Musadeq Sadeq  /  AP
Secondhand materials are displayed for sale on Monday in front of a shop outside the U.S. military base in Bagram, north of Kabul, Afghanistan. Computer storage devices stolen from the U.S. base and once widely available in shops are now scarce items.
updated 5/8/2006 9:46:48 PM ET 2006-05-09T01:46:48

Computer storage devices containing sensitive military information stolen from the U.S. base here and widely available in shops last month are now hard to find.

The U.S. military has increased security measures to prevent Afghan workers from slipping the small portable flash drives into their pockets in order to sell them to shops near the main American base in Afghanistan, a U.S. spokesman and shopkeepers said Monday.

One shopkeeper said Afghan workers on the Bagram base are now scrutinized carefully on their way out. “They even look in their shoes,” said the 40-year-old shopkeeper, who would only give his first name, Amruddin.

In April, dozens of used flash drives were available in markets here. Drives viewed by The Associated Press had the Social Security numbers of hundreds of soldiers, including four generals, and lists of troops who completed nuclear, chemical and biological warfare training.

Maps, charts and intel
The Los Angeles Times, which broke the story, reported that some drives had classified military secrets, including maps, charts and intelligence reports concerning the Taliban and al-Qaida.

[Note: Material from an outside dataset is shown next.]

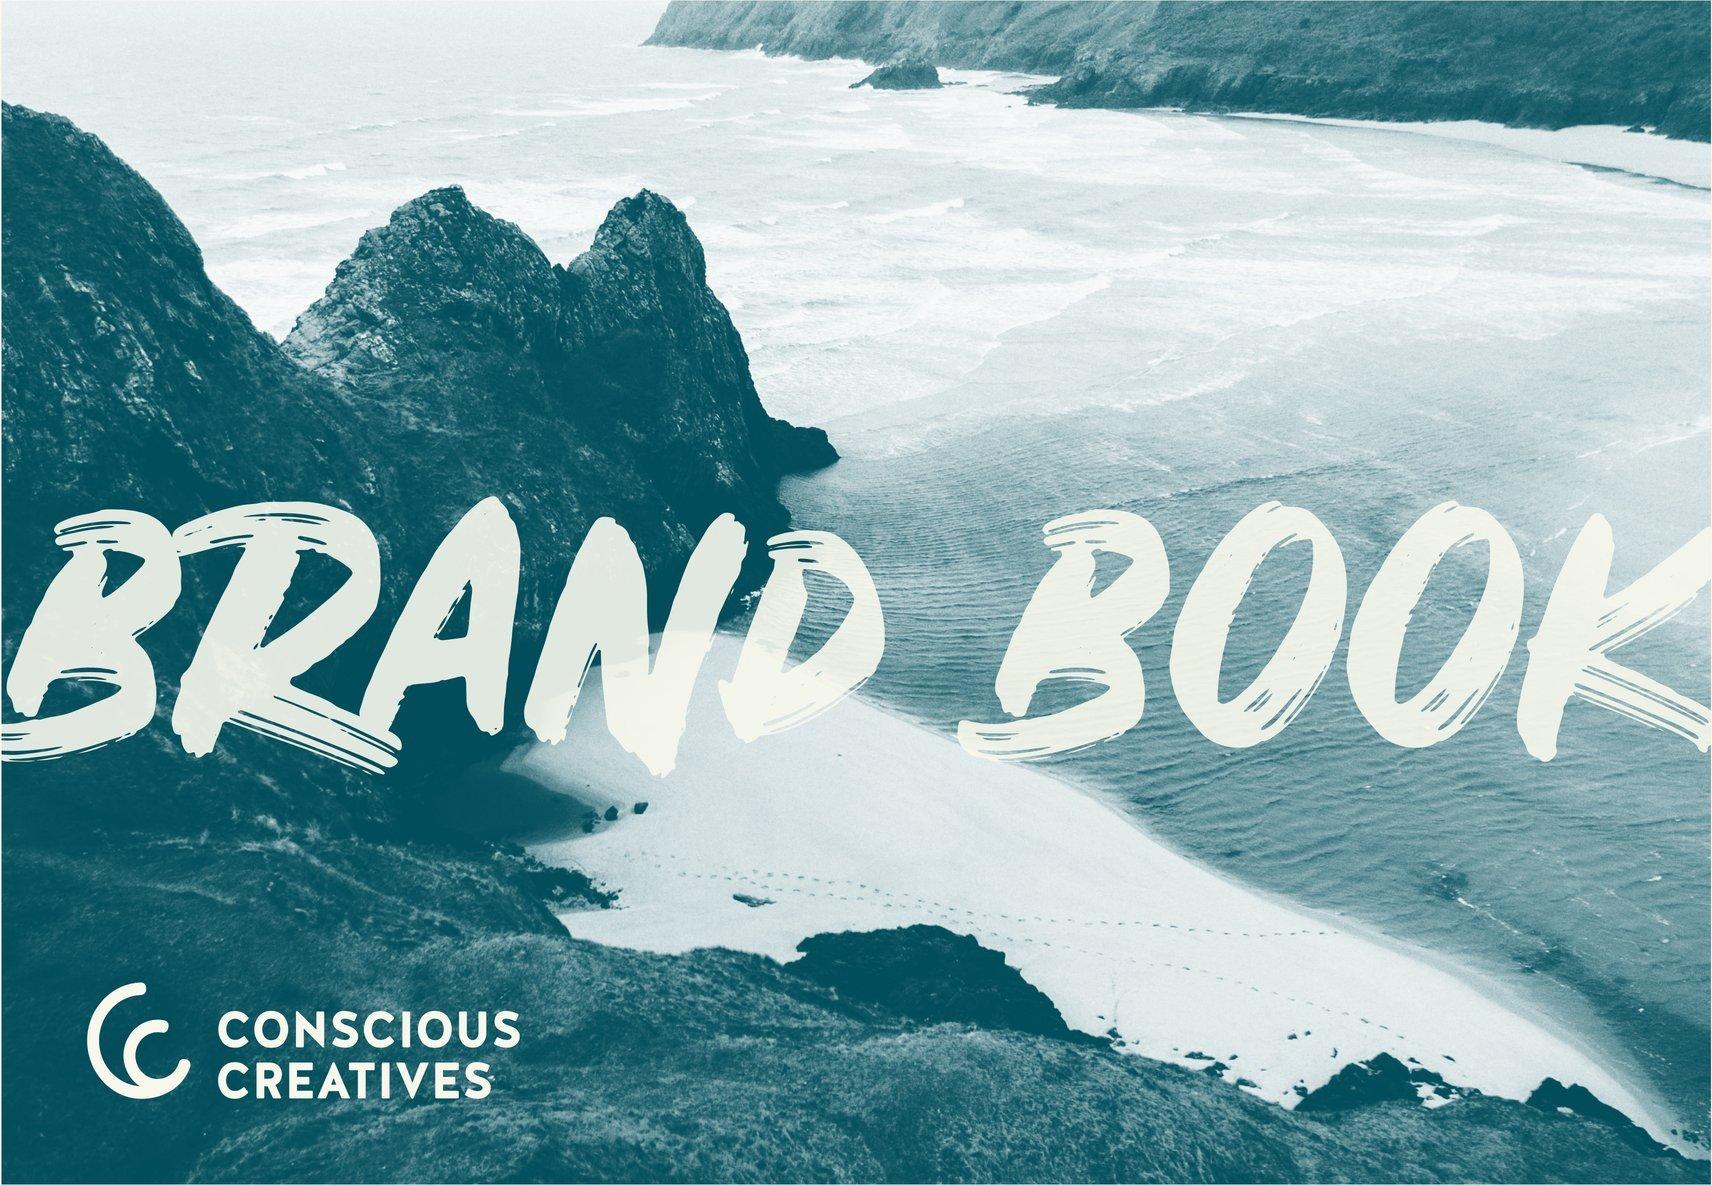 the Conscious Creatives branding guide

Soon after those stories, the military went from shop to shop and bought all the drives they could find, concentrating on the used devices, which would be more likely to contain military information. Most shopkeepers said Tuesday they no longer had any used drives for sale.

Lt. Col. Paul Fitzpatrick, a military spokesman, said the majority of the drives the military bought were unused or had unclassified information on them. He said the investigation into the thefts was ongoing.

The military now has measures in place to better protect the storage devices, particularly the ones with classified information on them, Fitzpatrick said. He would not provide specifics.

“Could there still be stuff out there? Yes, there could be,” he said, noting there were 2,000 Afghan employees on the U.S. base. “But we will continue to monitor the situation. Gray and black market business is common in this country.”

Shopkeepers said they still received goods from inside the U.S. base, but not at the rate they once did.

One shopkeeper, who gave his name as Mohammed Agha, showed the AP three used drives Monday that he said came from the base, though that was impossible to verify. One of the drives had no information on it, and the other two were password protected. Agha said that last month he had dozens of used drives.

‘Mouse keeps freezing’
Agha did, however, show the AP a brand new Toshiba laptop computer he said came from the base. It had most of its original packaging, and scrawled in black marker on the outside of the computer box was: “Mouse keeps freezing.” He would not let the AP review the hard drive.

Also available at Agha’s shop was a used iPod he said came from the base and telephone calling cards from AT&T that said “military exchange” on them.

Amruddin said shopkeepers “did a very good business” when the American soldiers came through to buy their goods last month. He said he hasn’t had a used flash drive to sell since.

“A few people still bring small things from the base, but not like before,” he said.